## Collected material

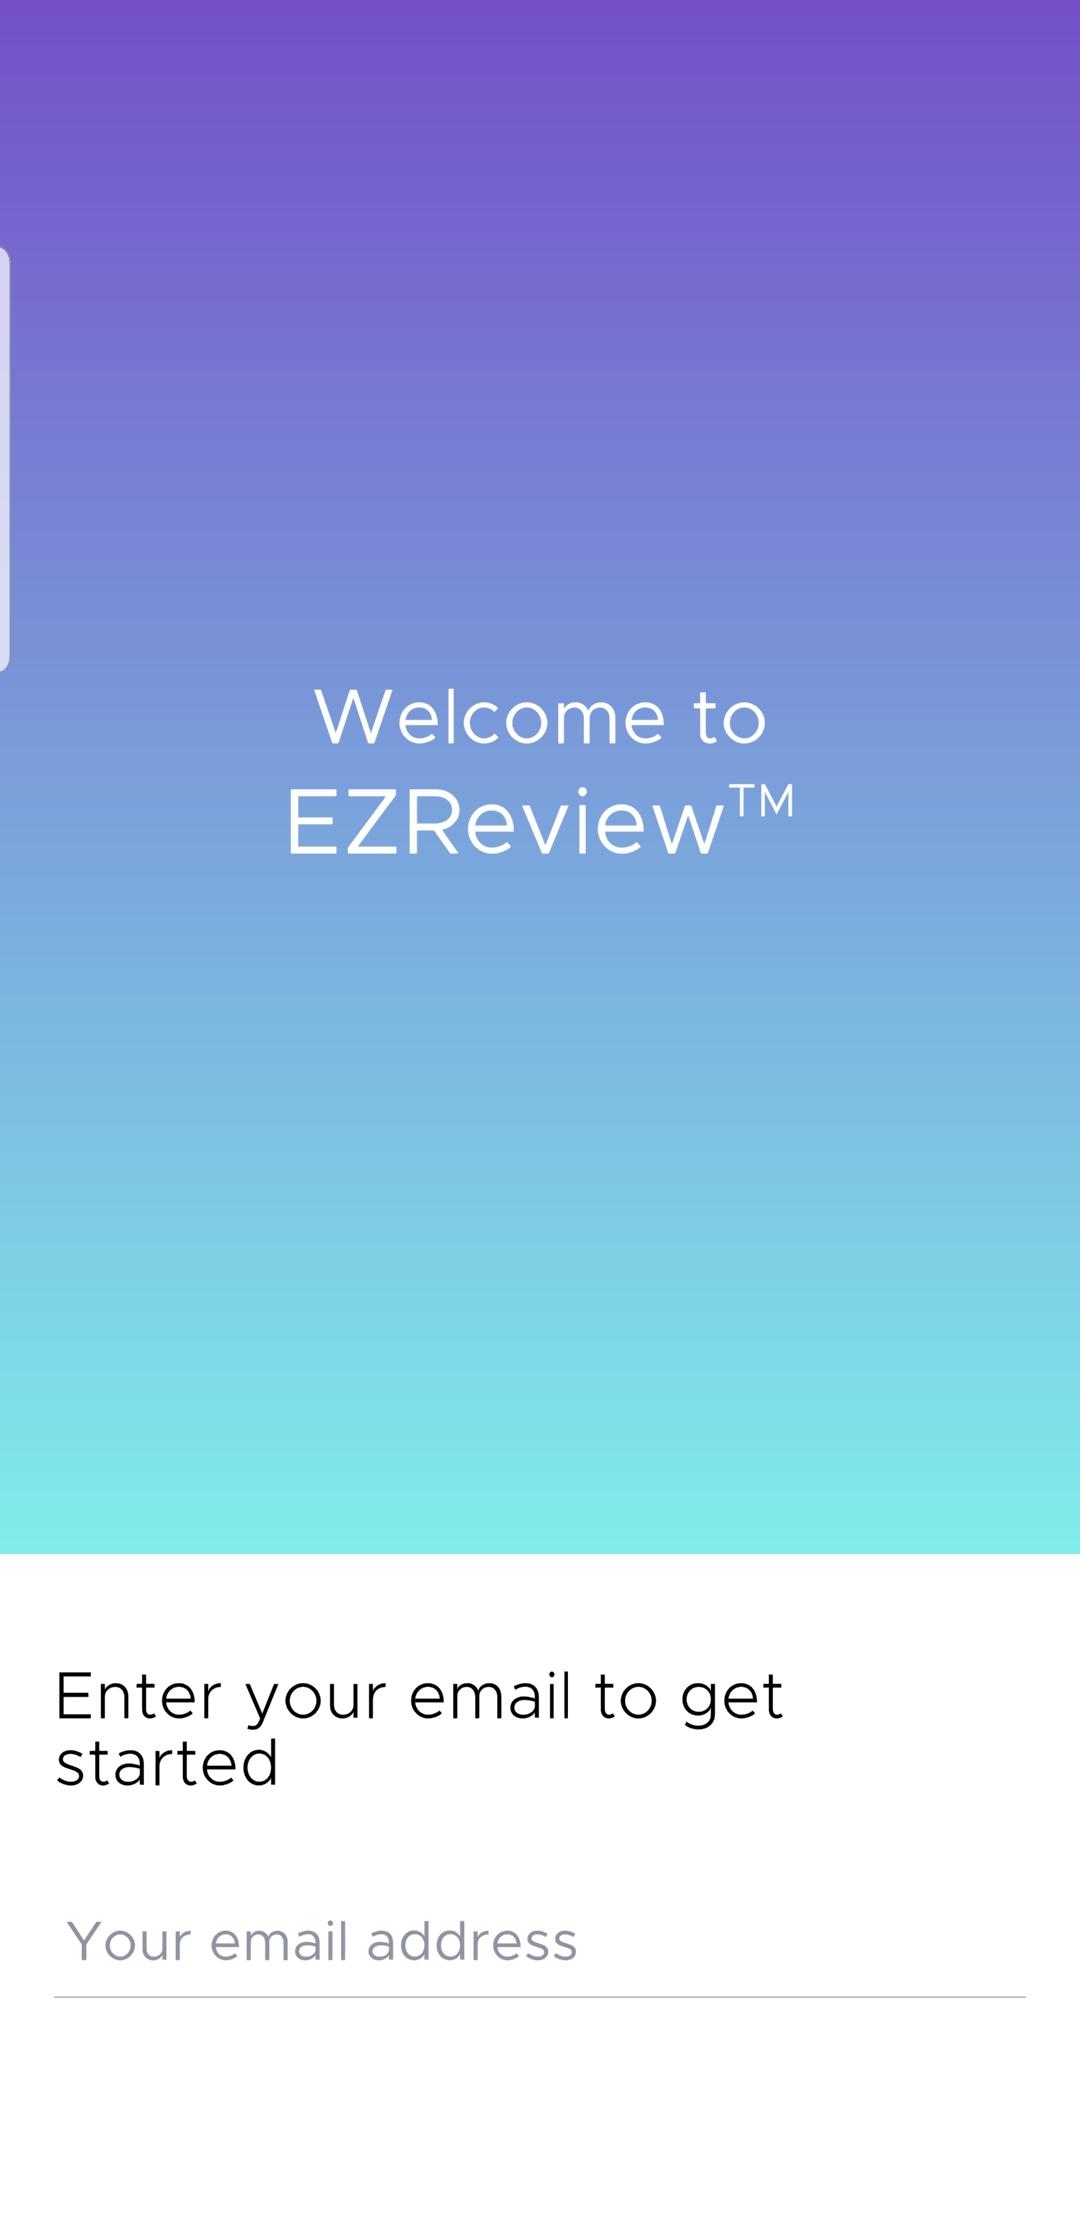 EZ Review
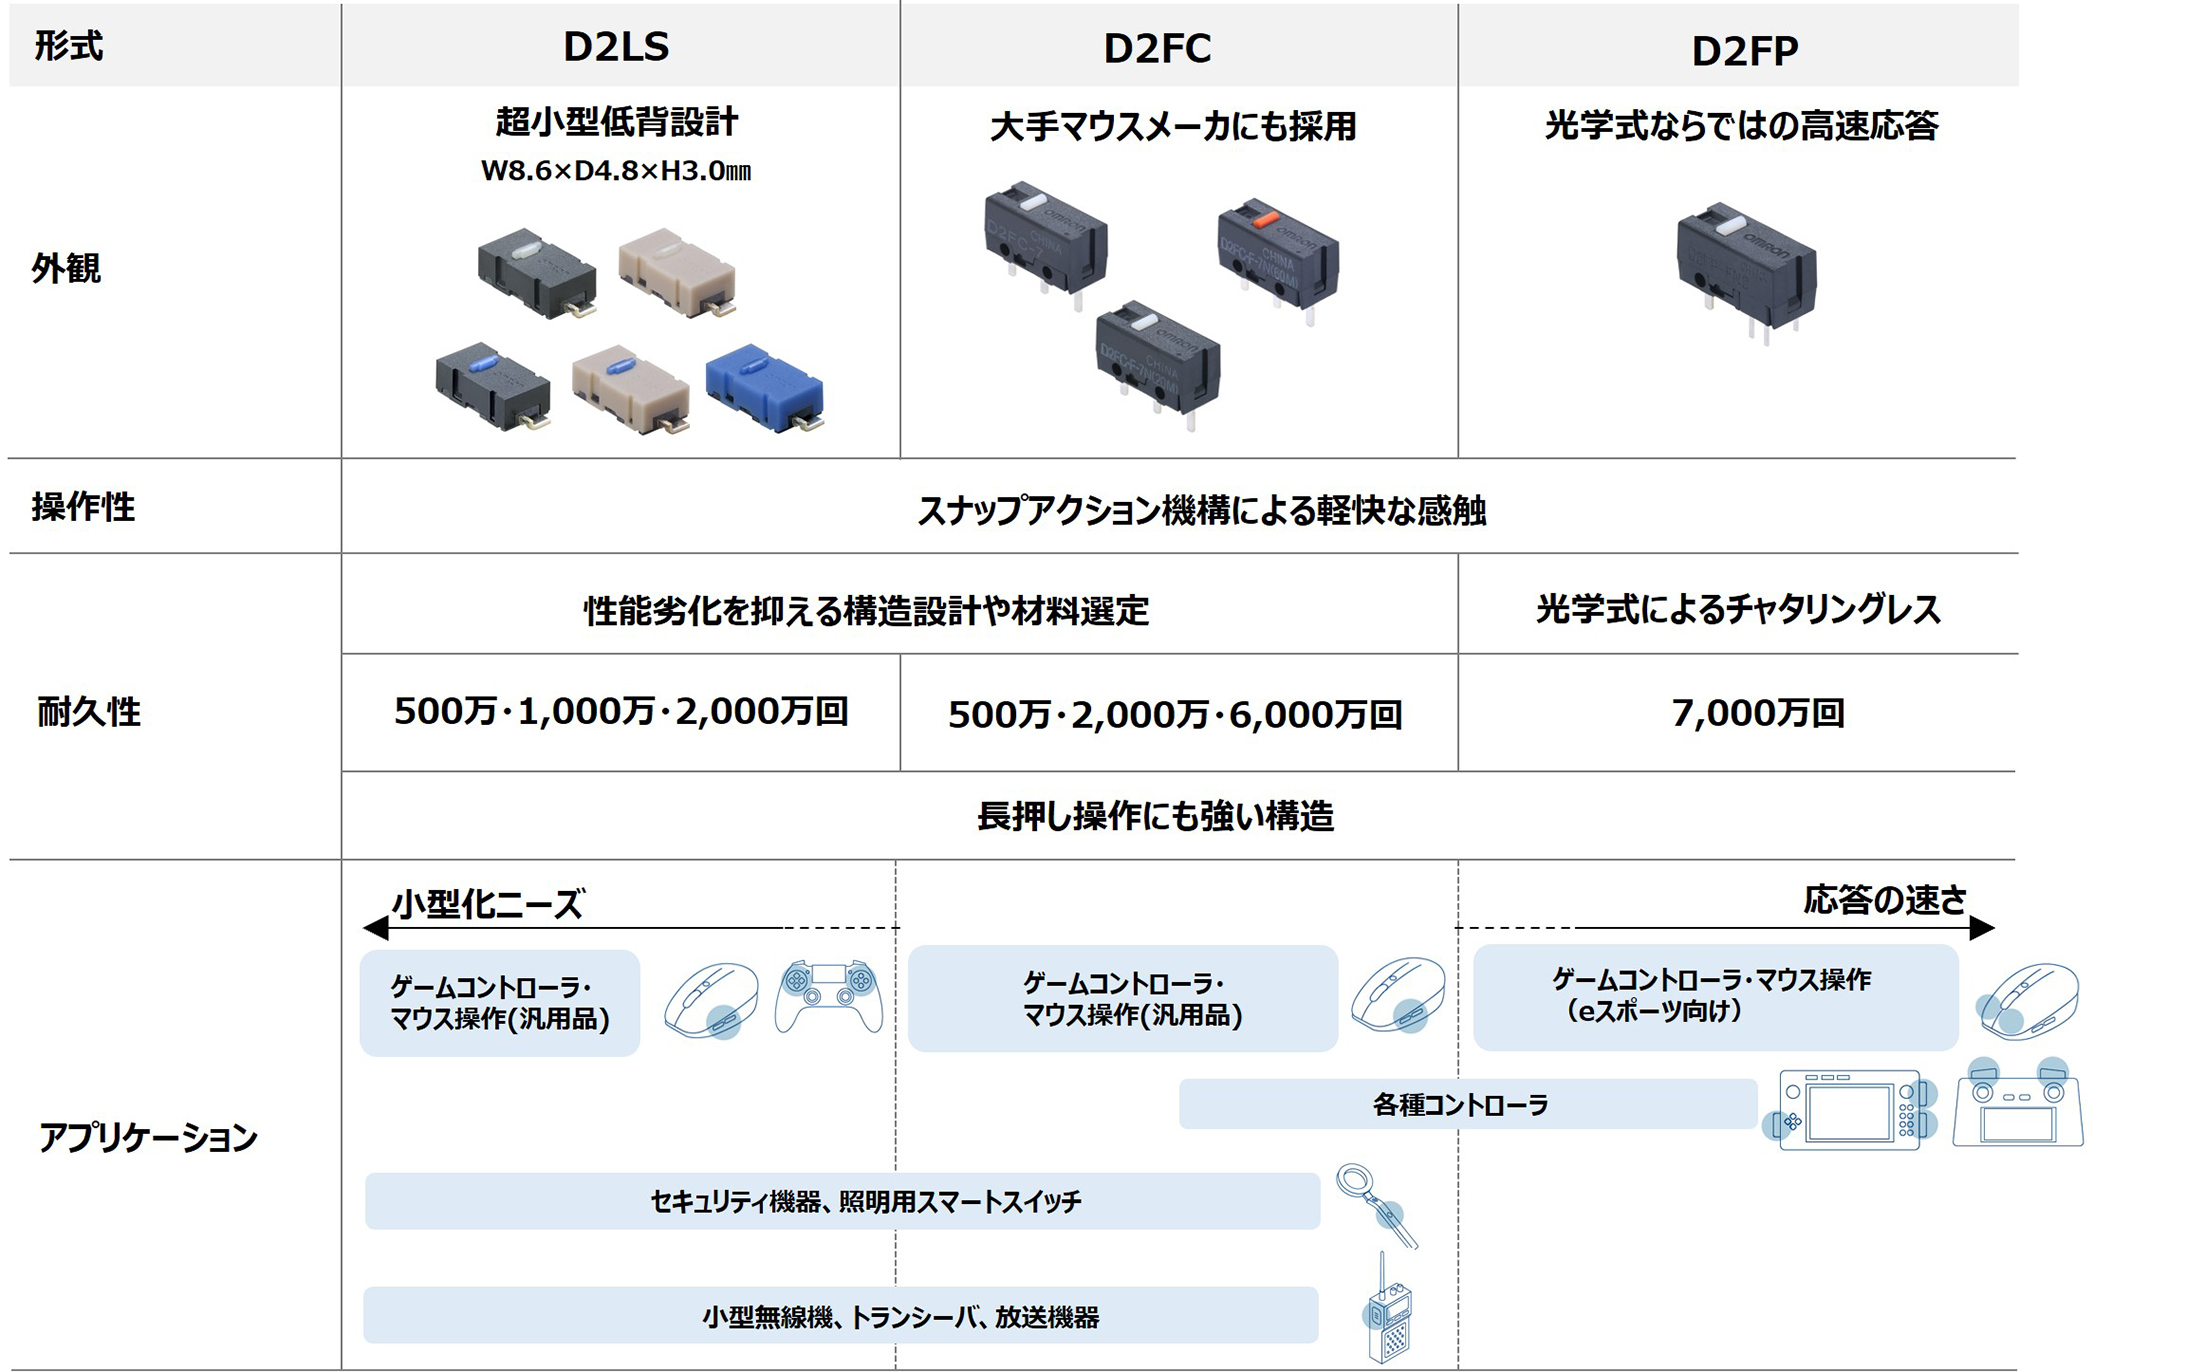 「D2FC」「D2LS」「D2FP」の主な仕様・用途
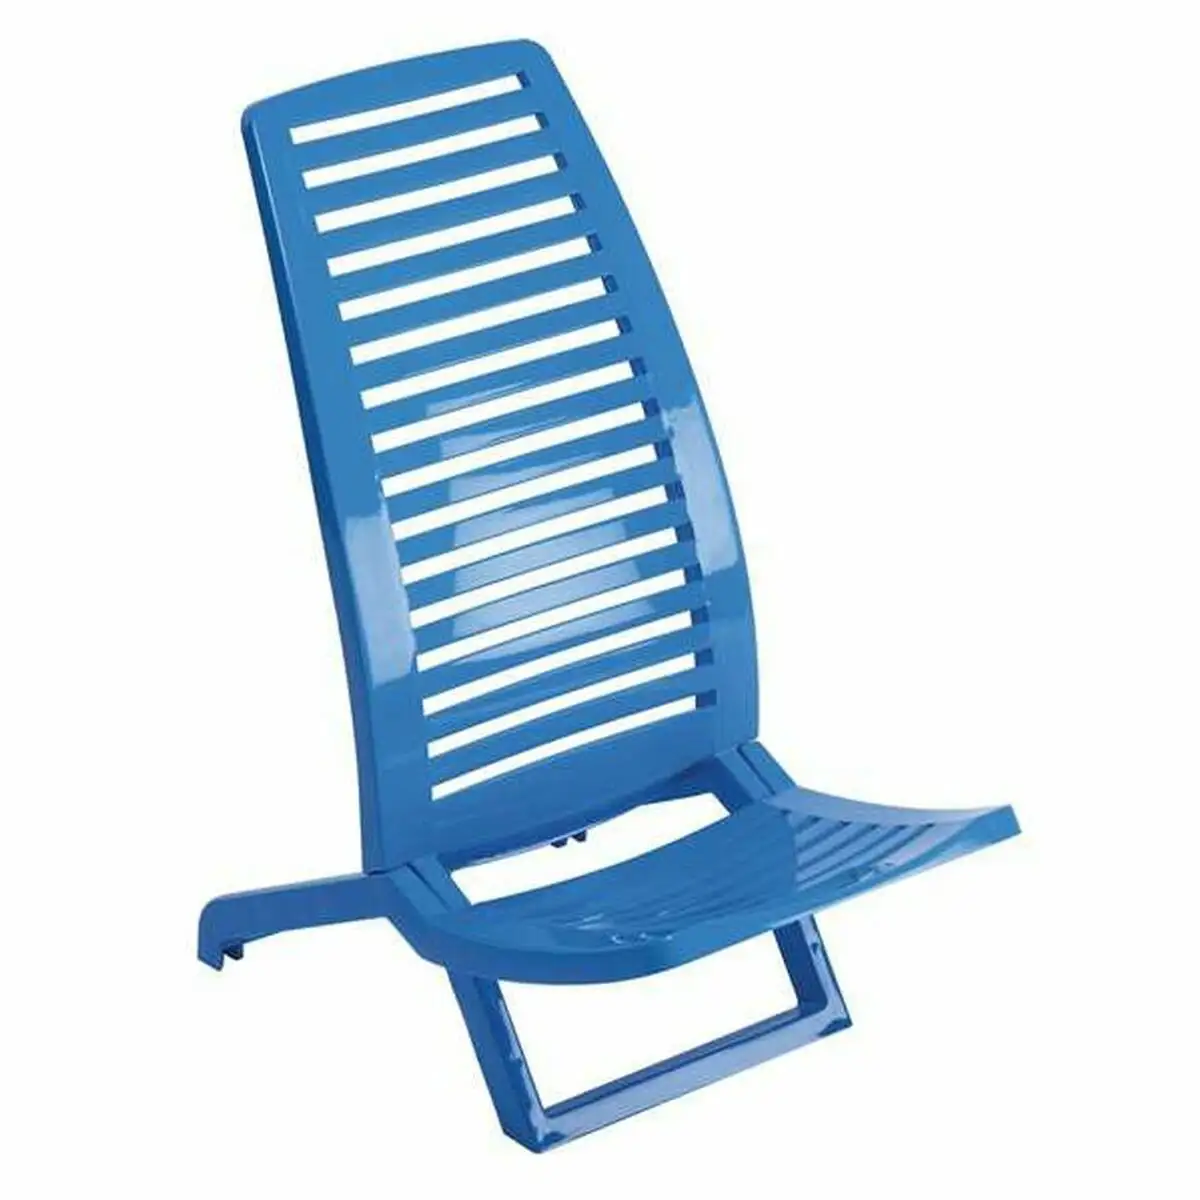 Chaise de plage alco bleu 38 x 60 x 72 cm 38 x 60 x 72 cm _7202. DIAYTAR SENEGAL - Où Choisir Rime avec Qualité. Découvrez notre sélection soigneusement conçue et choisissez des articles qui incarnent l'excellence et l'innovation.

## Task requirements
Transcribe everything above exactly. Do not include the pictures.

## Reply
 EZ Review
 「D2FC」「D2LS」「D2FP」の主な仕様・用途
 Chaise de plage alco bleu 38 x 60 x 72 cm 38 x 60 x 72 cm _7202. DIAYTAR SENEGAL - Où Choisir Rime avec Qualité. Découvrez notre sélection soigneusement conçue et choisissez des articles qui incarnent l'excellence et l'innovation.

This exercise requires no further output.